**TASK STATEMENT**
Apart from the pictures, print the data below exactly as given.

**DATA BELOW**
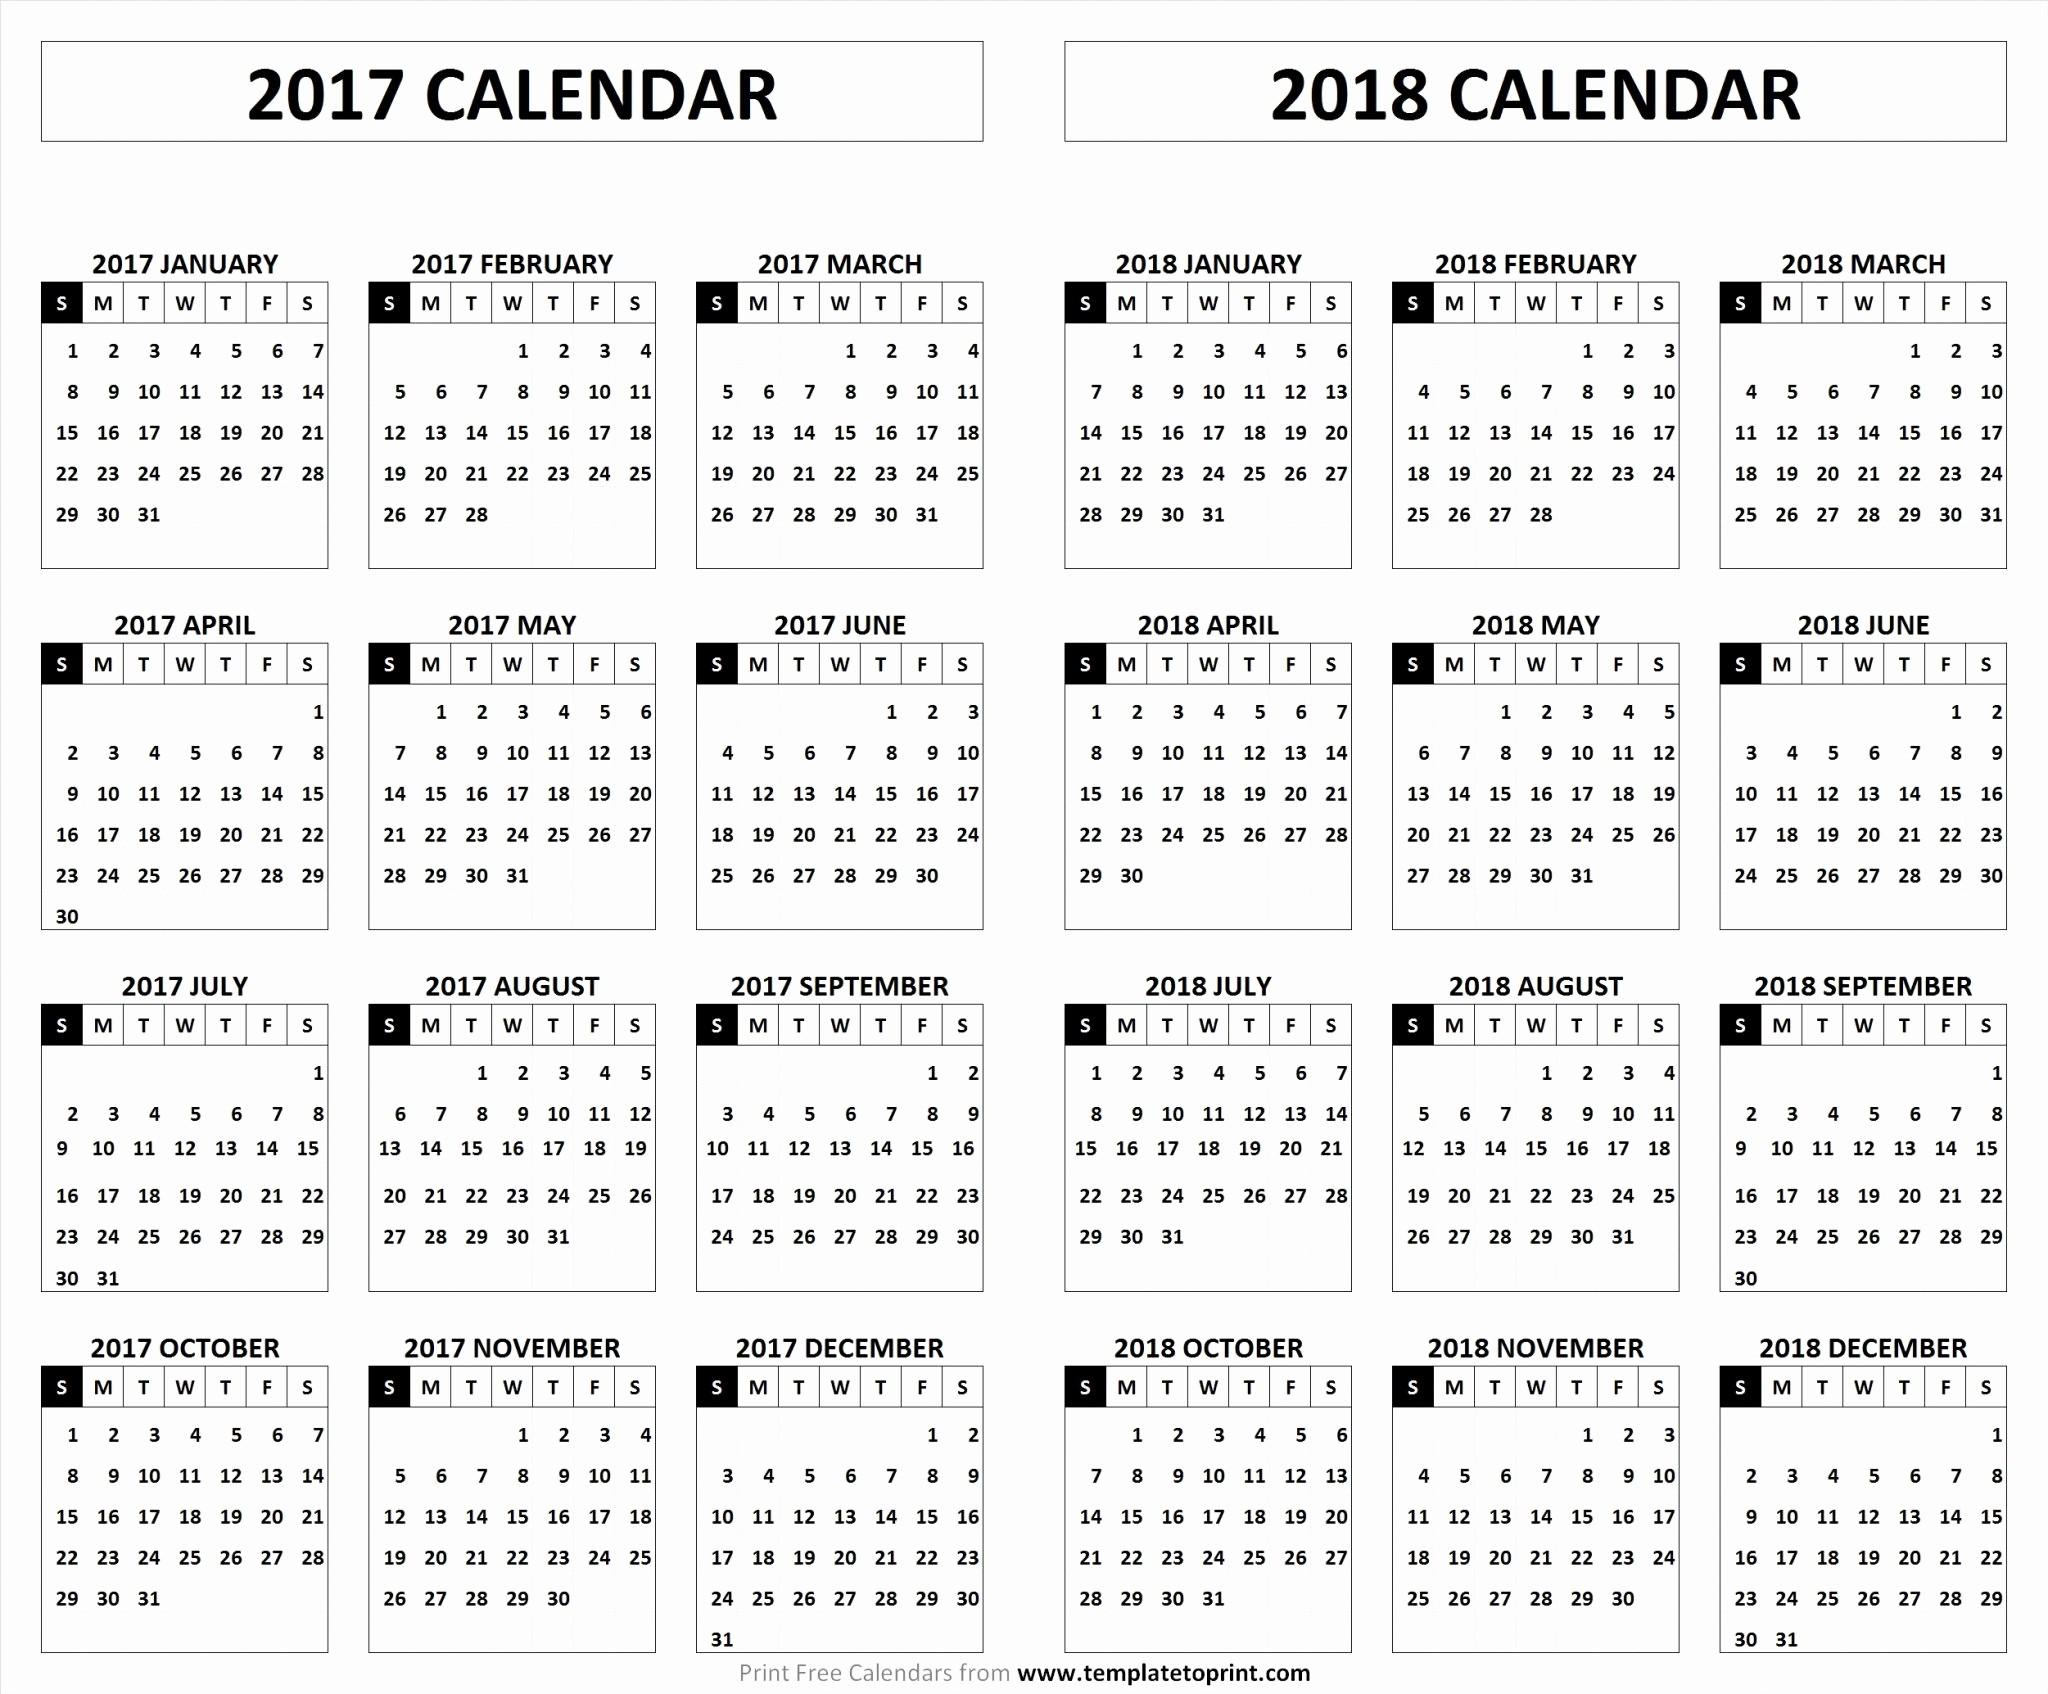 2017-2018 Printable Calendar Beautiful 2017 2018 Calendar Printable Template Pdf
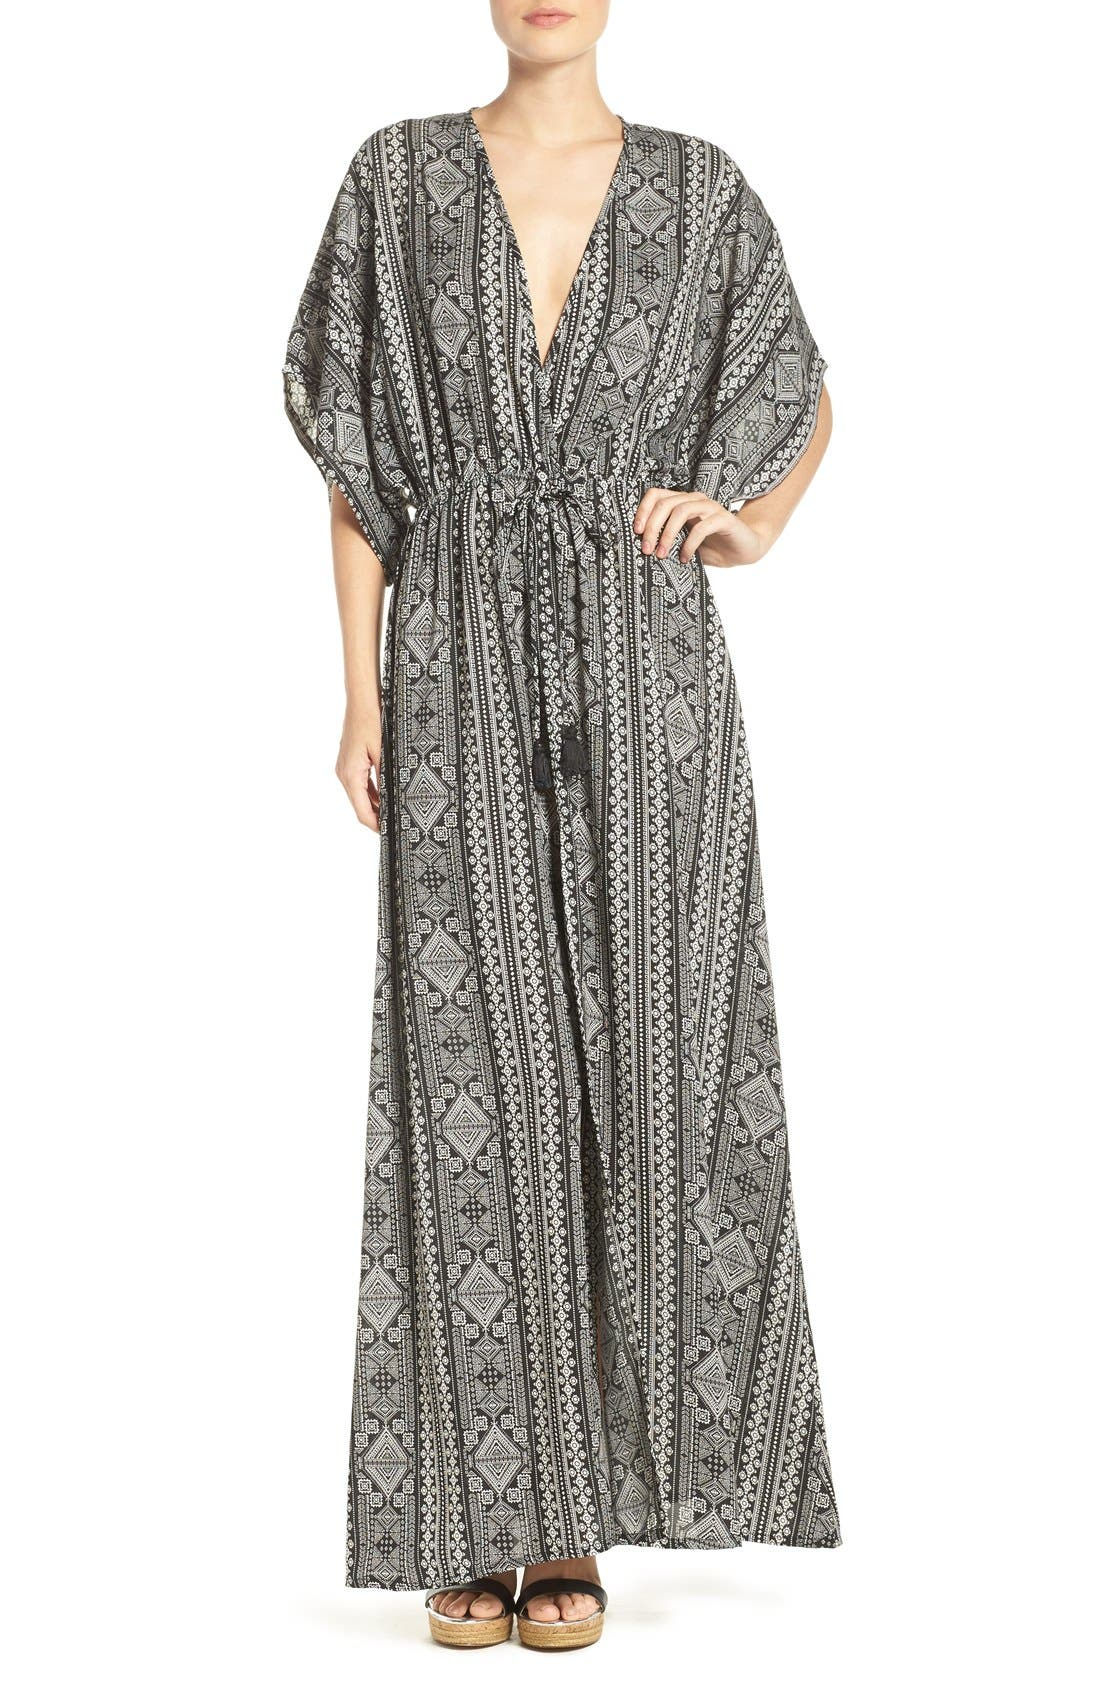 Main Image - ElanPrint Woven Cover-Up Caftan Maxi Dress
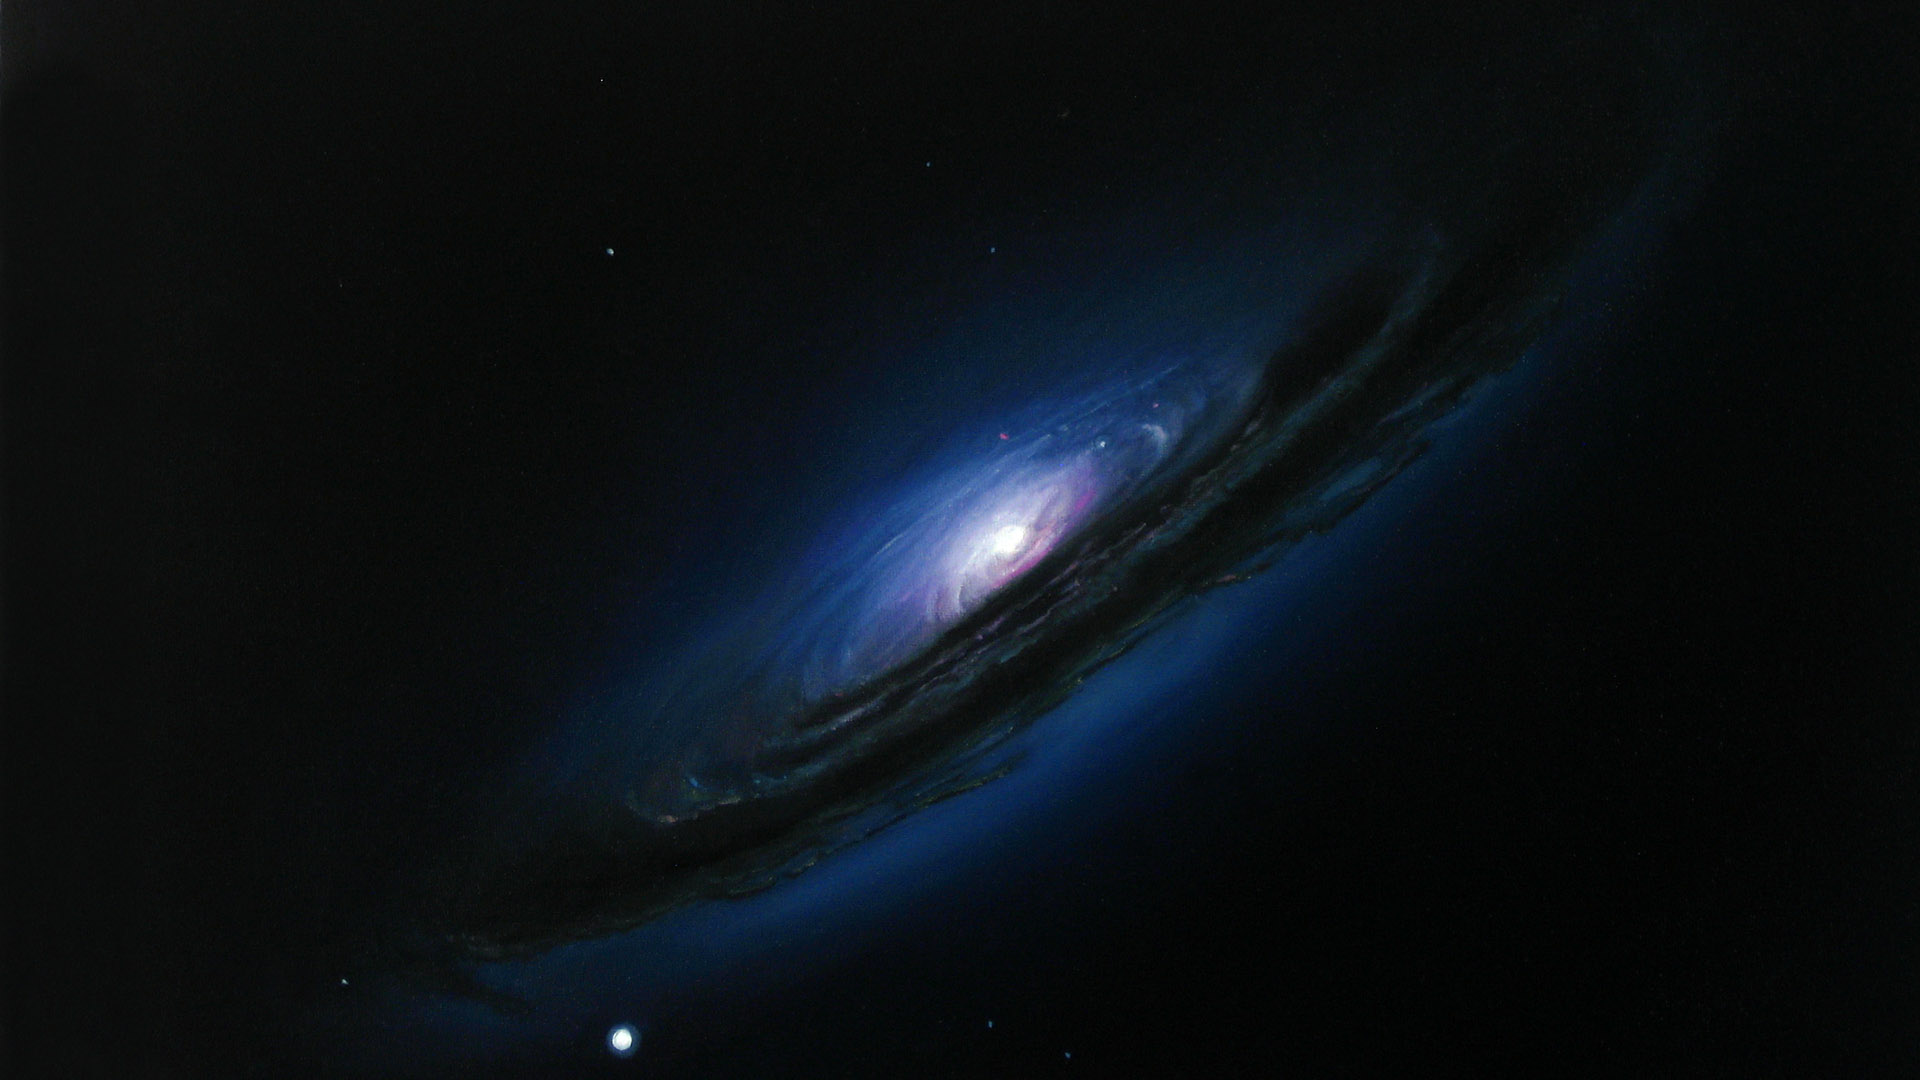 supernova sn 1994 d - photo #9

**WORKED SOLUTION**
 2017-2018 Printable Calendar Beautiful 2017 2018 Calendar Printable Template Pdf
 Main Image - ElanPrint Woven Cover-Up Caftan Maxi Dress
 supernova sn 1994 d - photo #9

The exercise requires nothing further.